On August 20, 2018, the Ninth Circuit Court of Appeals reversed a lower court’s ruling that digital remastering of pre-1972 sound recordings creates a new sound recording entitled to copyright protection.[1] In so holding, the Ninth Circuit rejected the Defendant radio broadcasters’ claims that, because the pre-1972 sound recordings had been remastered from analog sound recordings into digital formats, they were entitled to federal copyright protection.
The Plaintiffs, a group of record companies that own sound recordings of classic artists such as The Everly Brothers and Al Green, filed a class action lawsuit against CBS Corporation and CBS Radio Inc., alleging that CBS and other radio broadcasters infringed on their exclusive public performance rights under California copyright law by broadcasting their sound recordings.
The sound recordings that Plaintiffs owned were all recorded prior to 1972. This is important because Congress did not grant federal copyright protection to the specific performance of a song fixed in a medium (i.e., a sound recording) until 1971— and only to those sound recordings created after February 15, 1972.
Thus, sound recordings fixed prior to February 15, 1972 are instead governed by various state laws. The Plaintiffs claim that CBS is liable for infringing on their California state law copyrights for CBS’s performance of 174 of their recordings.
In response, CBS argued that it was entitled to federal copyright protection because it had only broadcast versions of the Plaintiffs’ recordings that had been “remastered” after 1972. The sound recordings had been remastered by sound engineers so as to convert them from analog formats to digital formats, and to improve the overall sound quality and loudness. Plaintiffs contend that this resulted in a change in quality, but not in any substantial difference to the identity or character of the sound recordings such that Defendants should be entitled to federal copyright protection.
So the question becomes: does a sound engineer’s remastering of old recordings to improve sound balance and loudness, but otherwise leaving the recording unchanged, entitle it to federal copyright protection?
The lower court concluded that it did. The lower court explained, “[D]uring the remastering process, at least some perceptible changes were made to Plaintiff’s Pre-1972 Sound Recordings,”[2] and that these changes were not merely “mechanical” or trivial changes.[3] Rather, the changes “reflect multiple kinds of creative authorship, such as adjustments of equalization, sound editing, and channel assignment.”[4] The lower court concluded that as to the works reviewed by both parties’ experts, the remastered sound recordings were entitled to federal copyright protection as original derivative works.
But on appeal, the Ninth Circuit rejected this analysis.

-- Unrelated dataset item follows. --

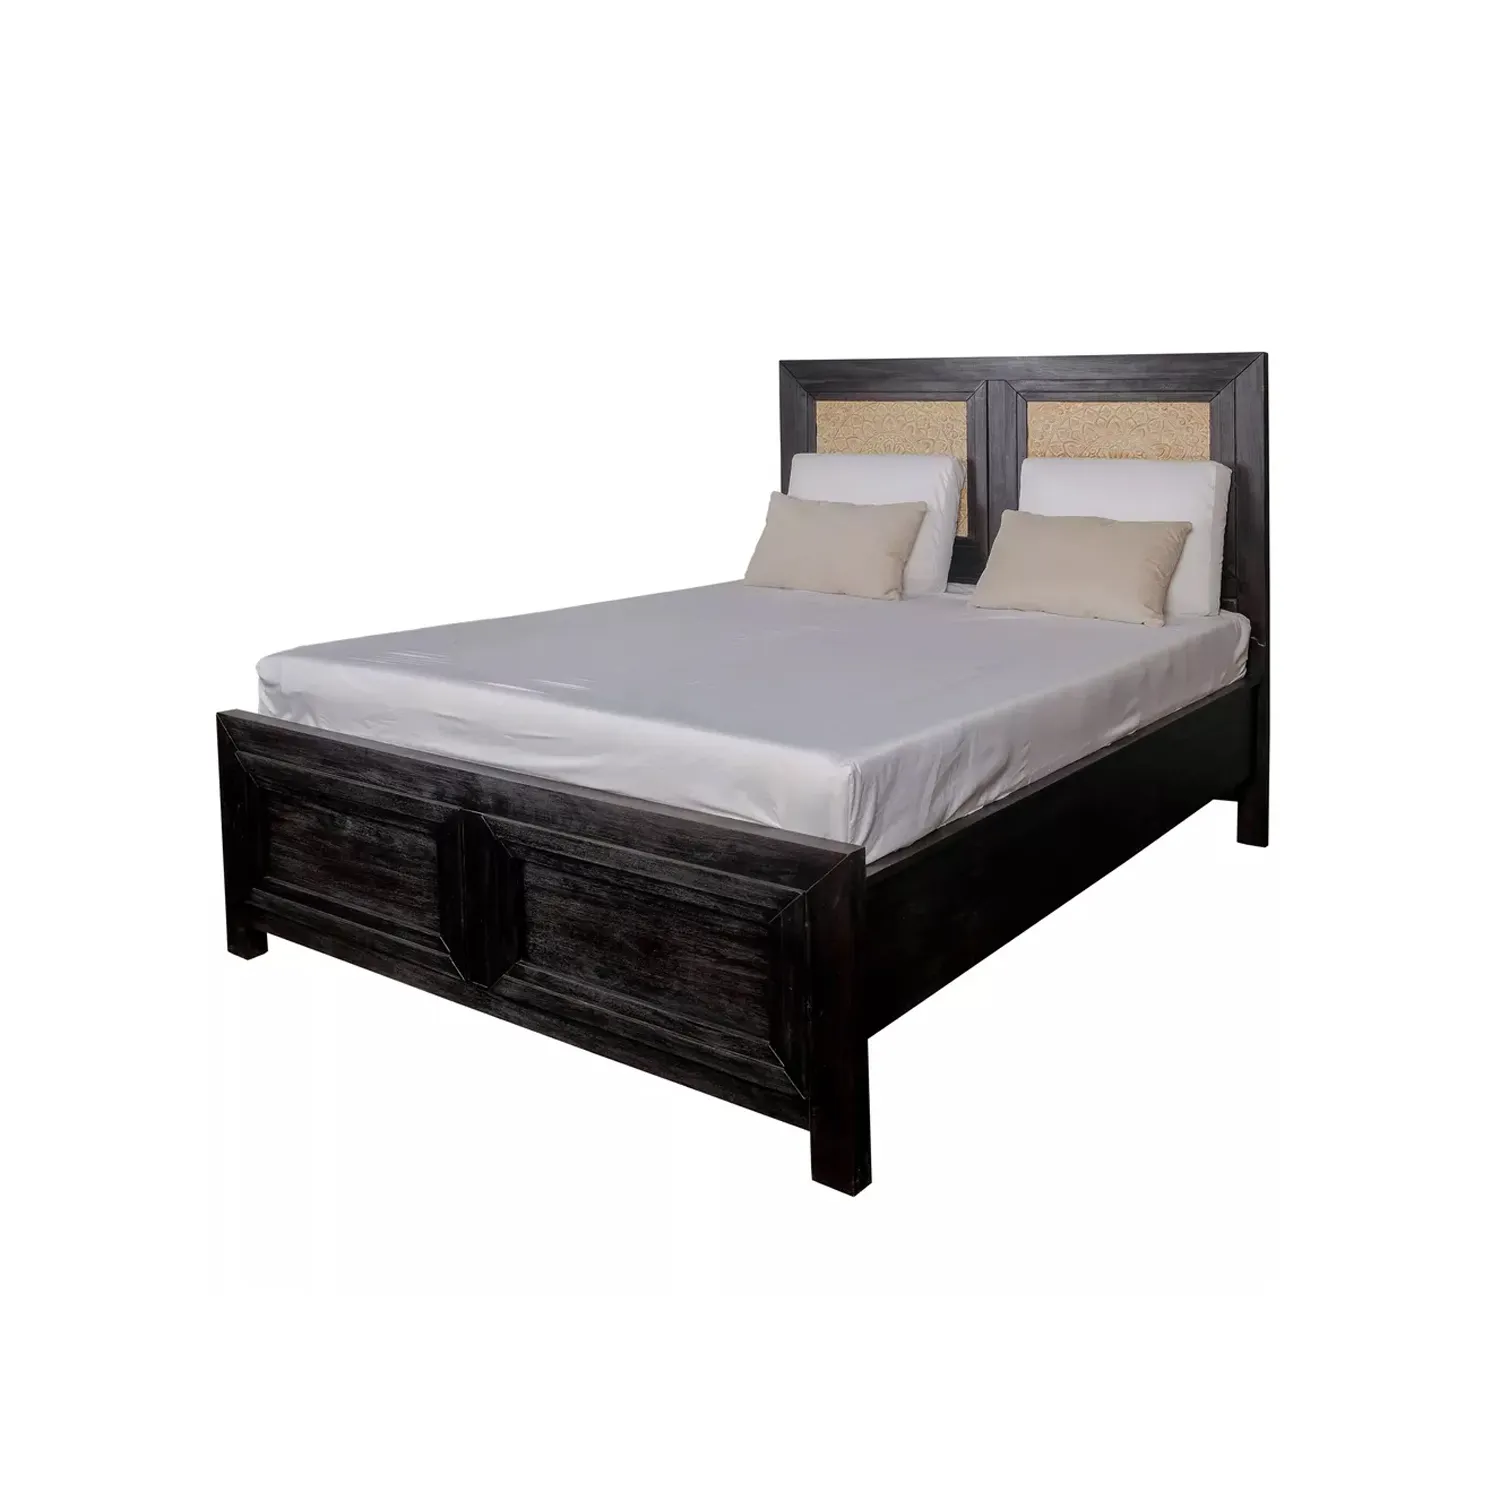 100% Export Oriented Wholesale Cheap Price Double Bed Modern Simple Bedroom Furniture Wooden Whitewash Bed From Indonesia

Merely improving the sound quality of a recording, the Court held, is not the same as making creative decisions that substantively change the work.
“Although we do not hold that a remastered sound recording cannot be eligible for a derivative work copyright, a digitally remastered sound recording made as a copy of the original analog sound recording will rarely exhibit the necessary originality to qualify for independent copyright protection (emphasis in original).”[1]
Thus, the takeaway seems to be that, in order to qualify for copyright protection, there must be a substantial, artistic or creative change to the underlying recording, not just a “remastering.”
[1] ABS Entertainment, Inc. v. CBS Corp., 2018 WL 3966179 (9th Cir. Aug. 20, 2018).
[2] ABS Entertainment, Inc. v. CBS Corp., 2016 WL 4259846, at *8 (C.D. Cal. May 30, 2016).
[3] Id. at *9.
[4] Id. at *4 (internal citations omitted).
[5] ABS Entertainment, Inc., 2018 WL 3966179 at *13.